Büşra Tarçalır: Nedense çocukla doğrudan iletişime geçmek yerine dolambaçlı yolları tercih ediyoruz. Bir çocuğu güzel huylarıyla, becerileriyle ve varlığının size hissettirdiği duygularla sevmek o çocuğu şımartmaz, bu bir şehir efsanesi. Beyin deneyimle değişir, insan ilişkiyle iyileşir. Buradaki matematik hesabının şaşmayacağını garanti ederim. Çocuğa, “Çirkin, tipsiz, tombik, çiroz, safinaz, şaşkoloz” vb. dediğimizde sevgimizi ifade etmiş olmuyoruz, buradan sevgi dışında birçok şey çıkar ama üzgünüm sevgi çıkmaz. Sinirlendirme ihtimali de yukarıda sözünü ettiğim üzere, çocuğun katılım sağlamadığı, yetişkinin monolog olarak sürdürdüğü bir iletişim kuramama hali.
Anne-babalara ve ‘çocuk sevgisi içinden taşarak' aşırıya kaçanlara önerileriniz neler?

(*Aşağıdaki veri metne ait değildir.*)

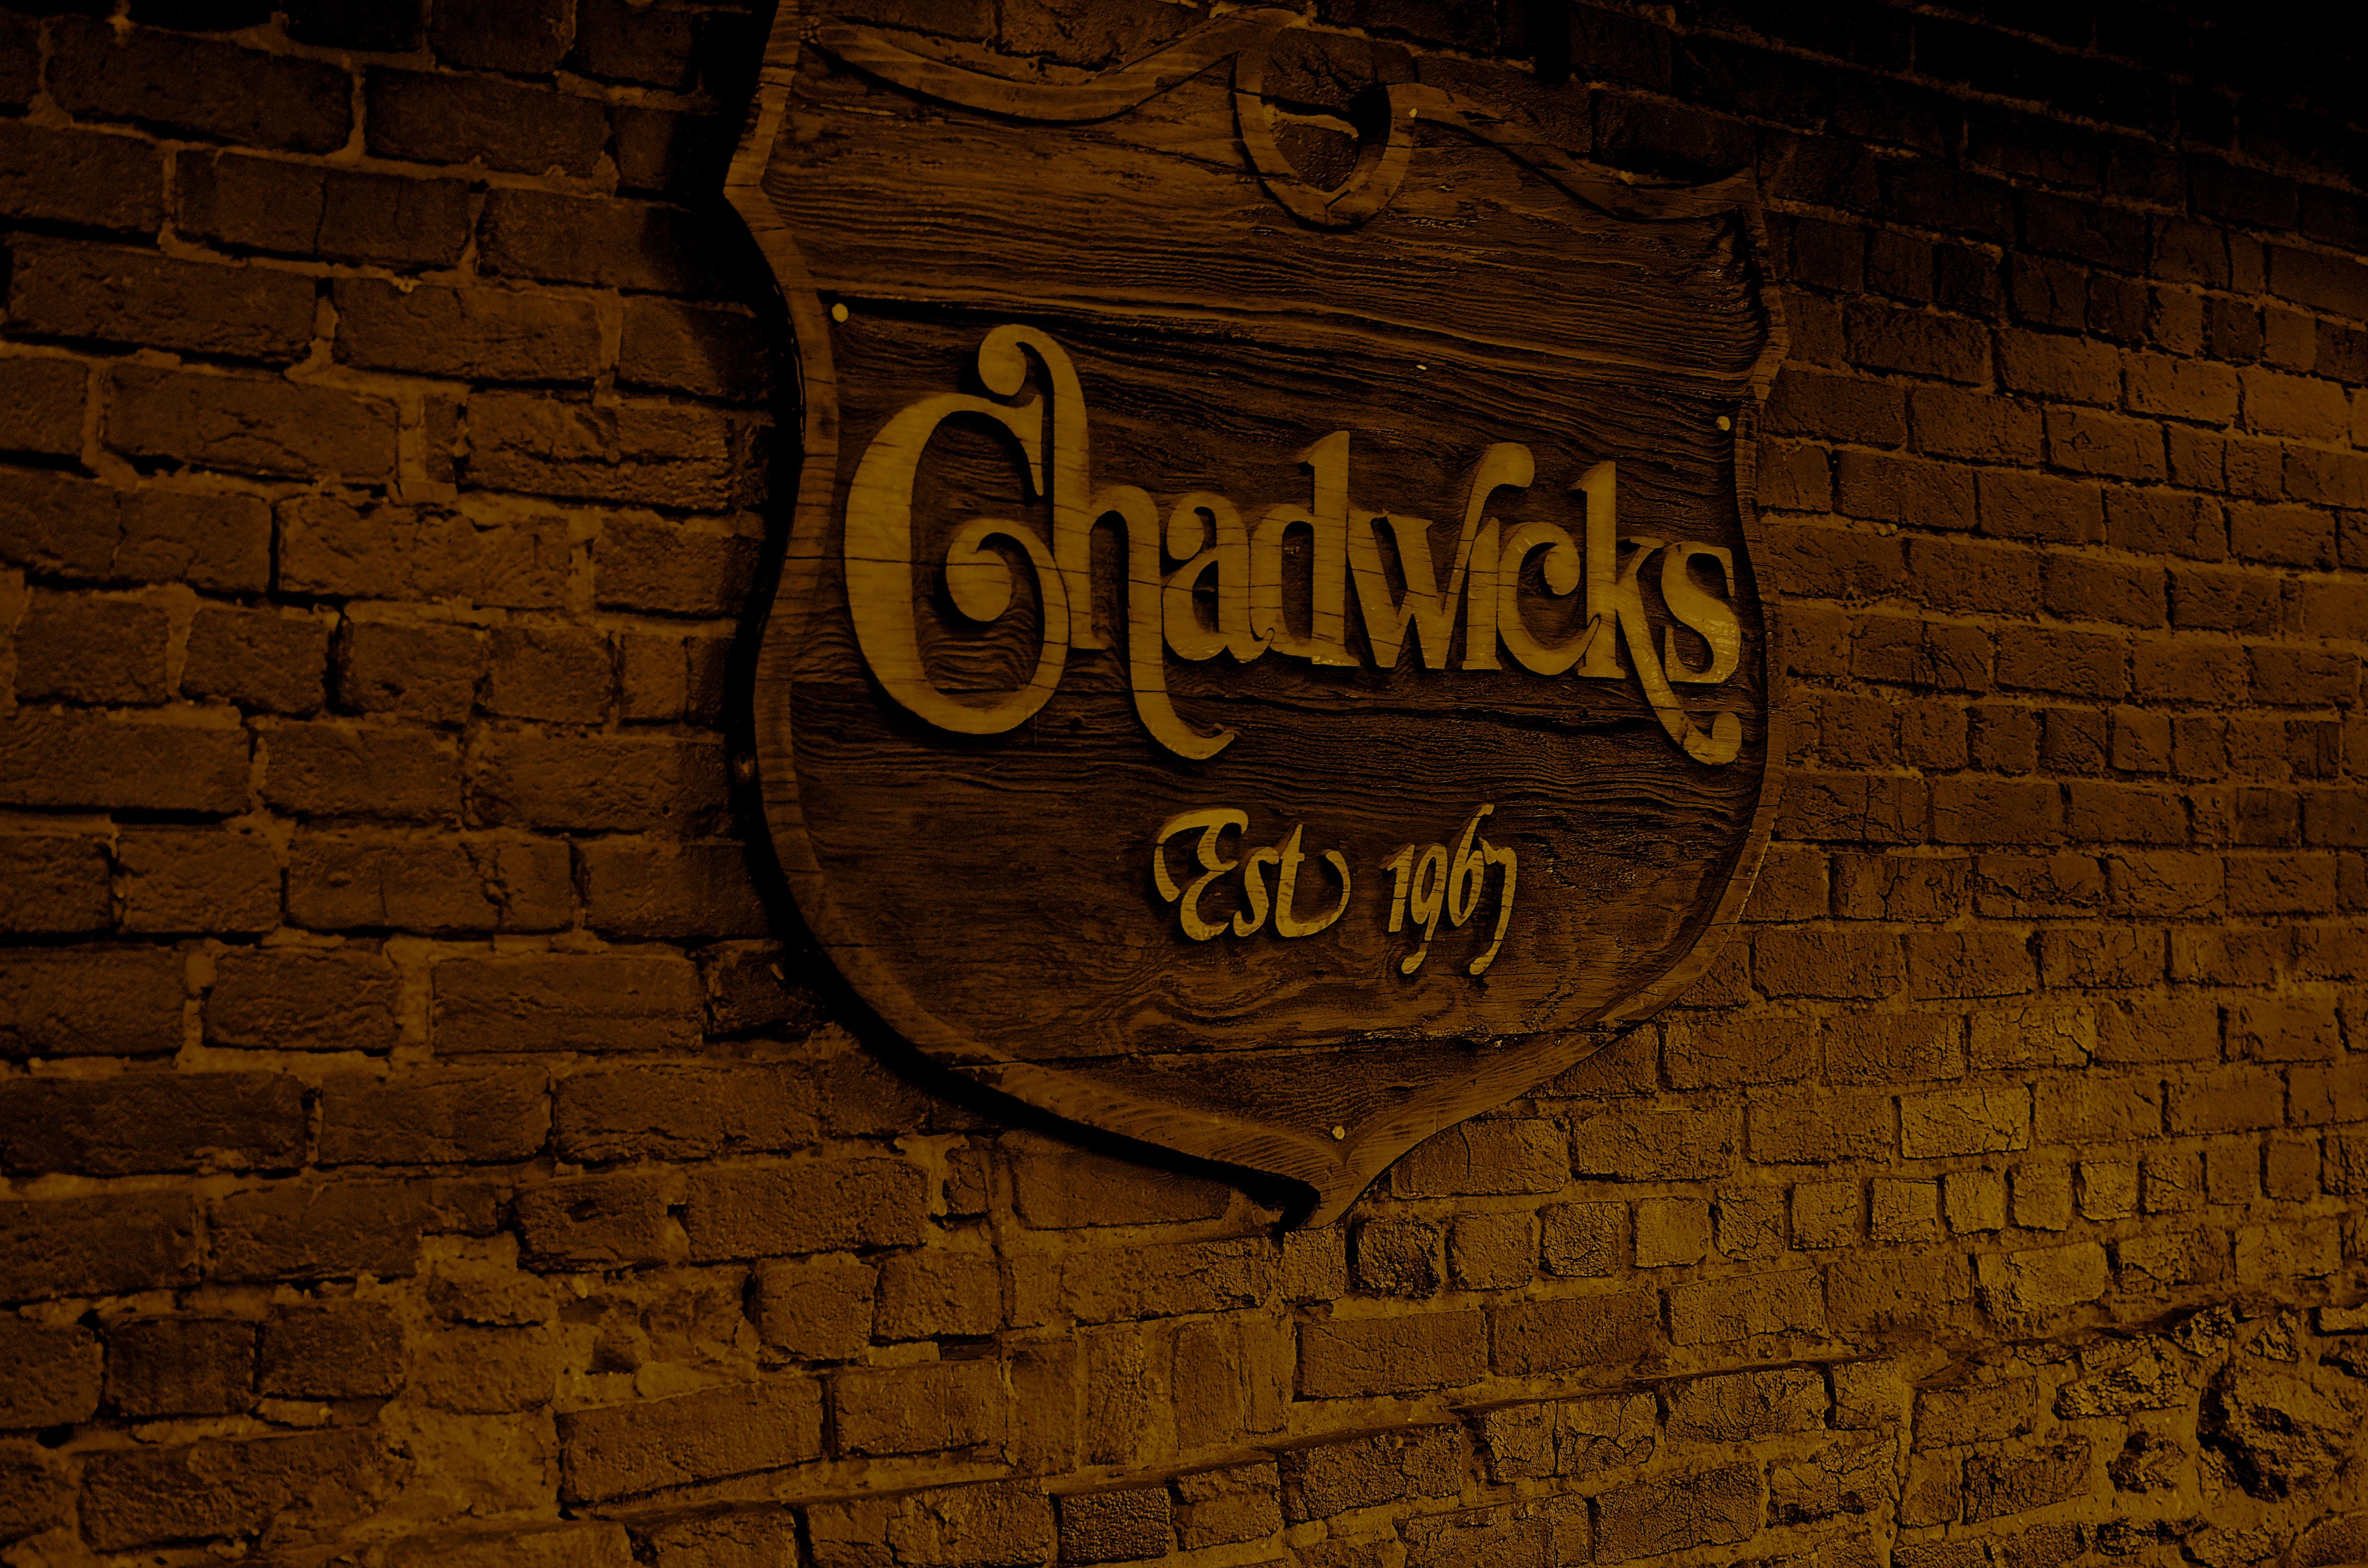 Farewell Chadwick's

Prof. Dr. Mübeccel Sara Gönen: Çocuk gelişiminin ve öğrenmenin tüm alanları fiziksel, bilişsel, sosyal ve duygusal olarak birbiriyle ilişkili ve önemlidir. Yetişkinlerin çocuklarının davranışına tepkileri erken çocuklukta gurur ve suçluluk gibi duyguların ortaya çıkmasına yol açabilir. Yetişkinlerin çocuğa karşı tutumlarına dikkat etmesi gerekir. Her olayda aşırı onaylama ve sevgi gösterisi yaşayan çocuk aksi durumlarda sevgisiz kalmaktan korkabilir. Çocuğun sağlıklı benlik geliştirmesi için koşulsuz sevildiğini hissetmesi gerekir. Genelde çocuklarla farklı konular konuşmak, çocuğu dinlemek, olumlu durumu ödüllendirmek çocuğa güven verir. Olumsuzları görmezden gelmek ise davranışın değişmesine yol açar. Çocuğun her duruma uygun tepki görmesi sürekli dikkat çekerek kendini çevreye ispatlamaya çalışmasını önleyecektir
Büşra Tarçalır: Bu tavırların tamamı çocukların birey olma kabulüne ters düşen hareketler. Sıkıştırıyoruz; beden bütünlüğünü, dokunulmaya onay verip vermemesini hiçe sayıyoruz. “Öptürmezsen seni sevmem!” diyoruz. Yani bir yandan sevginin koşulsuz olmadığını söylüyor, öte yandan tehdit ediyoruz. Bile isteye kızdırıyoruz ve bir anlamda “Senin öfken benim eğlence kaynağım, sen bu esnada ne yaşıyorsan çok da umursamıyorum” demiş oluyoruz. Bunlar çok sınırlayıcı müdahaleler ve çocuk için anlamlandırması kolay olmayan deneyimler. Sevgimizi göstermenin daha şefkatli, gene oyuncu ama sınırı aşmayan yollarını bulabiliriz. Bize söylendiğinde rahatsız olmayacağımız cümleler kuralım çocuklarımıza.